Но лоб ее горел как в огне. Волдис взял ее маленькую влажную руку и, как ребенка, повел к себе. И она с детской доверчивостью ласково улыбалась, идя за ним в темноте.

Волдис впустил ее в свою каюту, а сам сходил в камбуз за водой. Вернувшись, он помог Лауме снять грязную, мокрую обувь, — Лаума была очень пьяна и не могла расстегнуть ботики и туфли. Пока она умывалась, Волдис вышел из каюты. Прохладная вода совсем не освежила Лауму, худенькое лицо ее горело болезненным румянцем, на лбу и носу блестели мелкие капли пота.

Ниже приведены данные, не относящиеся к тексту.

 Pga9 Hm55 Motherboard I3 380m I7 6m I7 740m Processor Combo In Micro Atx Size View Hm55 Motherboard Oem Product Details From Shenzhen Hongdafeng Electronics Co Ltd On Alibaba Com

Хотя в каюте было жарко, Лаума, дрожа, куталась в пальто.

— Ах, буби, какой ты милый! — она протянула руки навстречу Волдису, когда он возвратился в каюту. — Нет ли у тебя сигареты?

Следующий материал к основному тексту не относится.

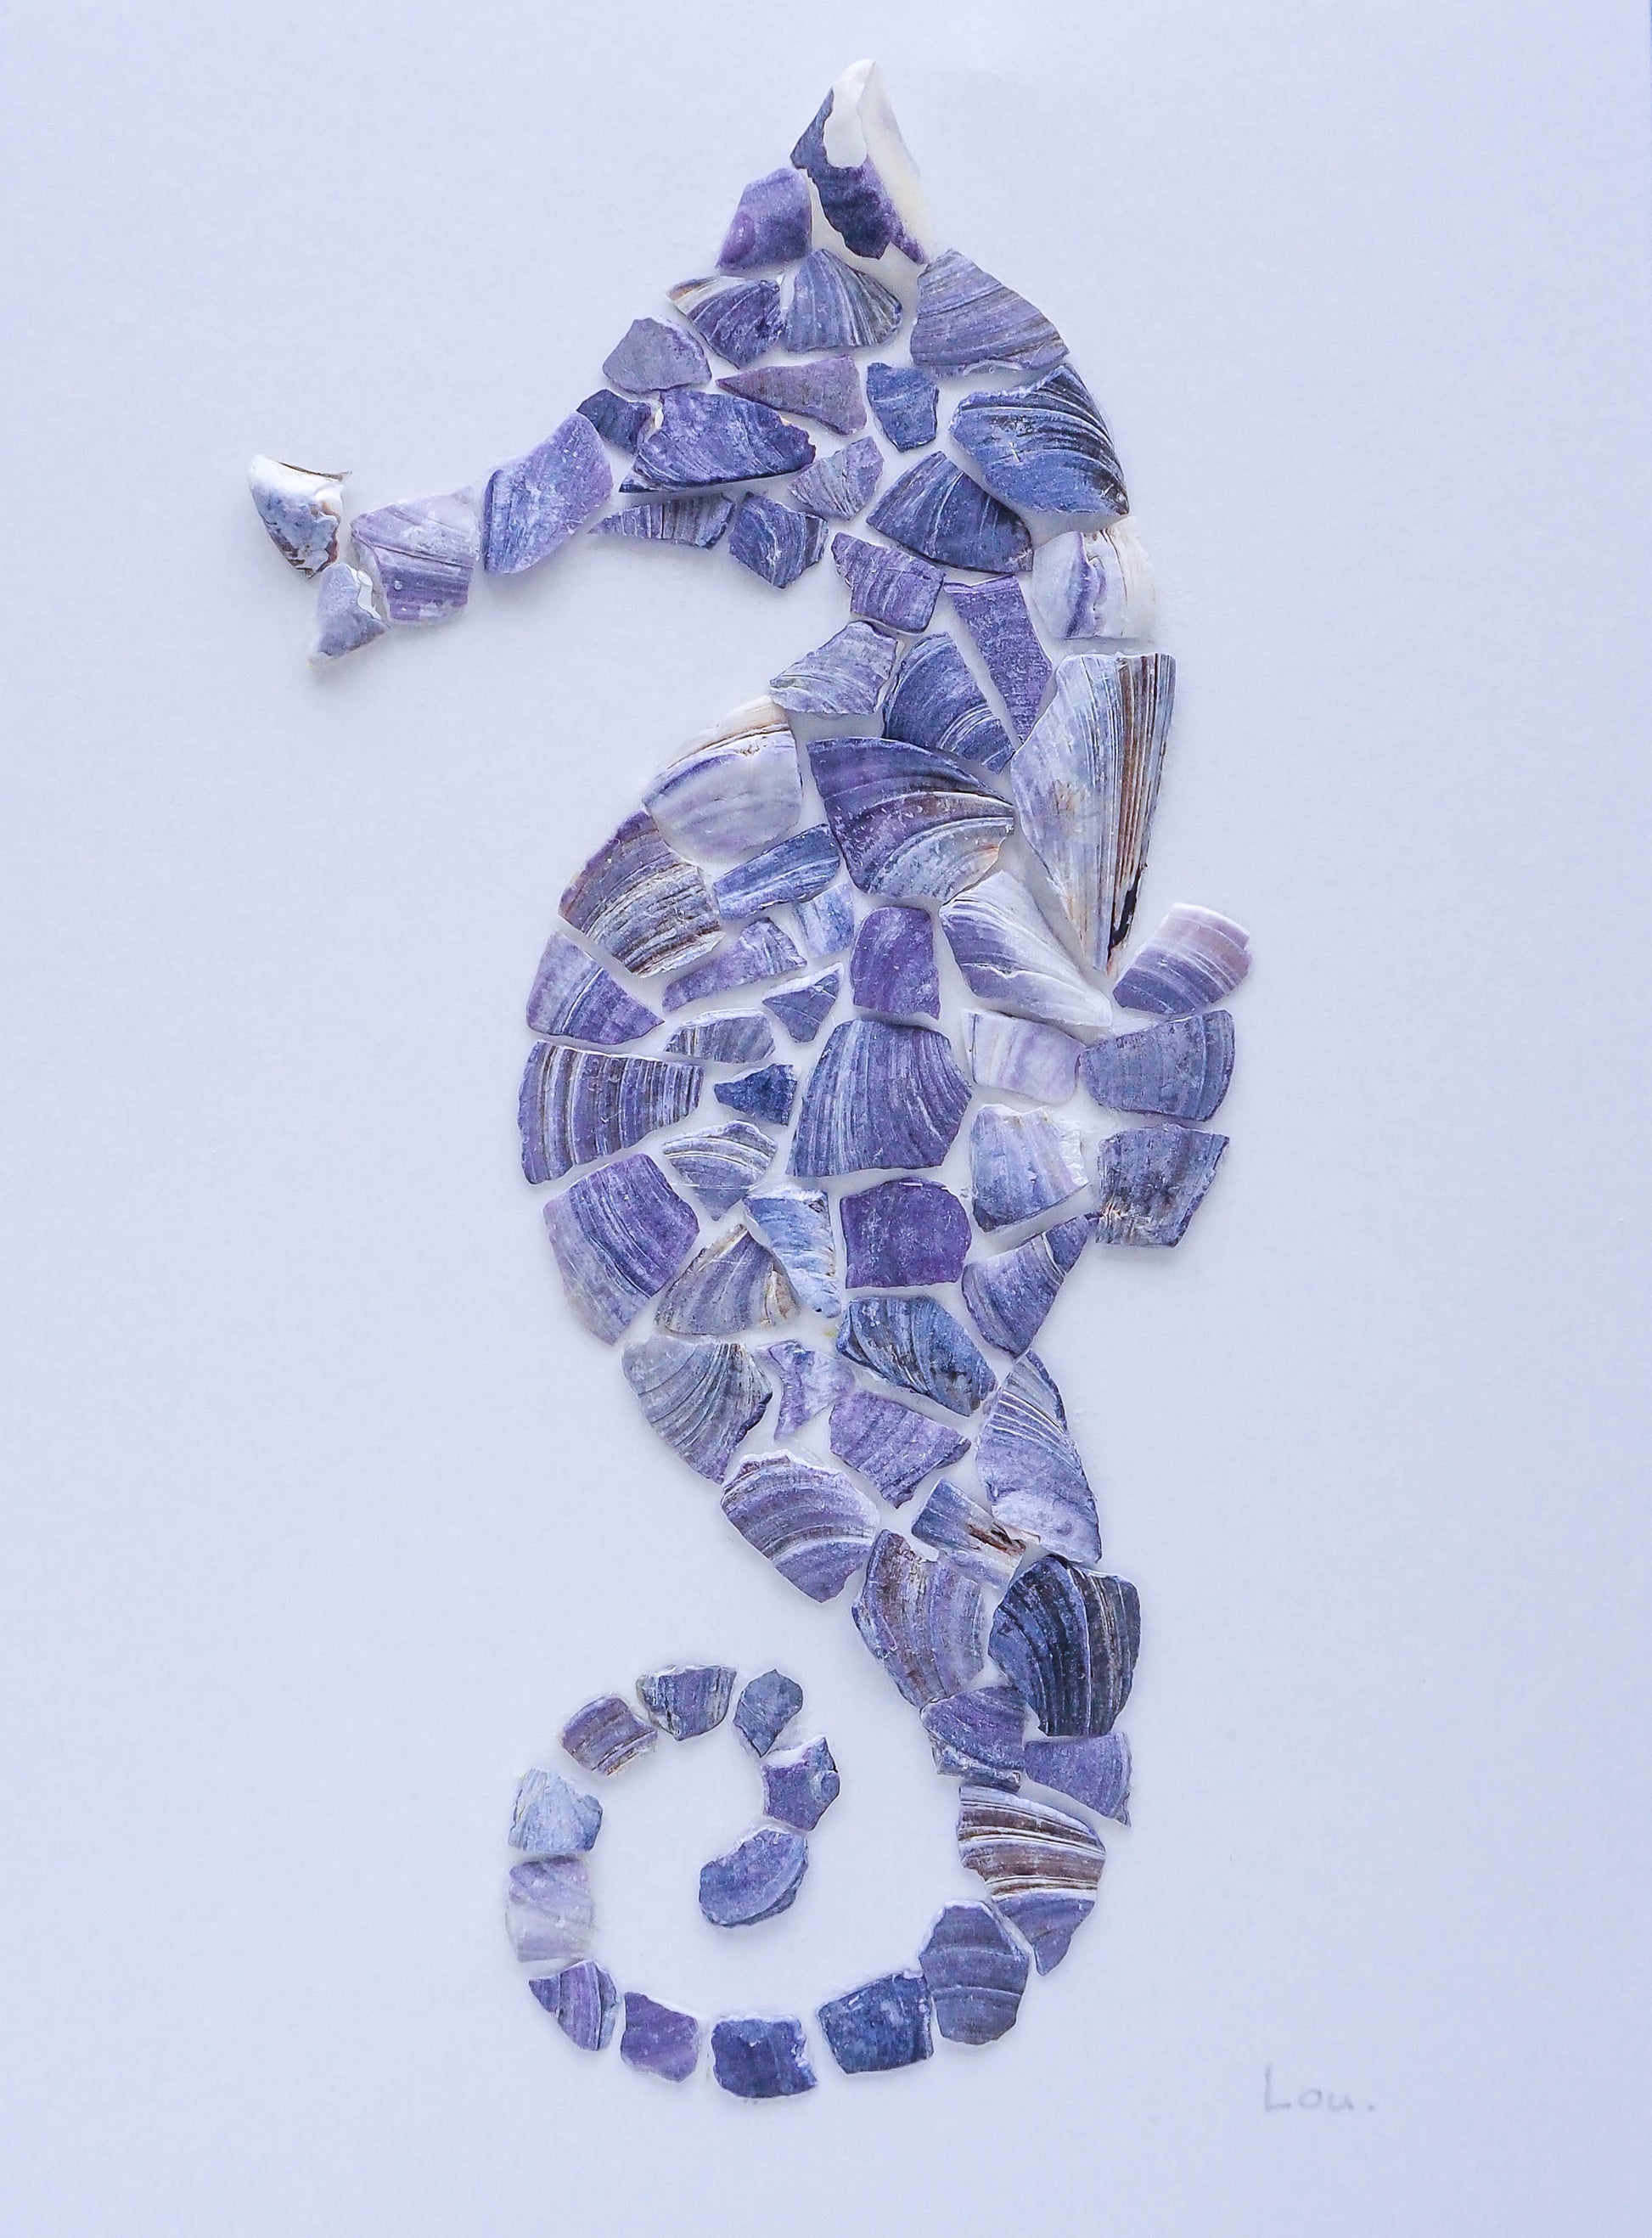 Total detail view of seahorse artwork made of mussel shells from portugak

— Нет, но я могу попросить у кого-нибудь.

— Нет, нет, нет, не нужно! — с жаром воскликнула она, но сразу же ослабела и, ссутулившись, стала напевать про себя какую-то песенку, пока ее не прервал приступ кашля; когда он кончился, Лаума, словно прося прощения, улыбнулась Волдису. Он сел рядом с ней на коричневый бельевой ящик, она пододвинулась к нему и, как котенок, прижалась к его груди. Она была такая маленькая, хрупкая, миниатюрная. Когда Волдис обнял и легким, бережным прикосновением прижал к груди ее голову, Лаума словно очнулась и порывисто прильнула к нему. Они молчали.

И вдруг маленькое создание вспомнило свою роль — в ней пробудились профессиональные привычки, ожили заученные движения и приемы; она взвизгнула, как обрадованная собака, немного помолчав, взвизгнула опять — громко, резко, болезненно; нельзя было определить, что звучало в этом визге — смех или слезы. Потом она сникла, обессиленная, надломленная, задыхаясь от недостатка воздуха.

Волдис закусил губу. Так вот что они сделали с этой девушкой! Он откинул волосы со лба Лаумы и грустно улыбнулся, глядя в ее лихорадочно блуждающие глаза. Грудь у него сдавило, и он отвернулся, чтобы девушка не заметила его волнения. Но это было напрасно: когда он опять повернулся к Лауме, она уже заснула, как ребенок посреди игры. Подождав, когда Лаума окончательно заснет, он поднял ее и уложил на койку. Укутав девушку шерстяным одеялом и накрыв сверху своим пальто, он сел за стол и задумался.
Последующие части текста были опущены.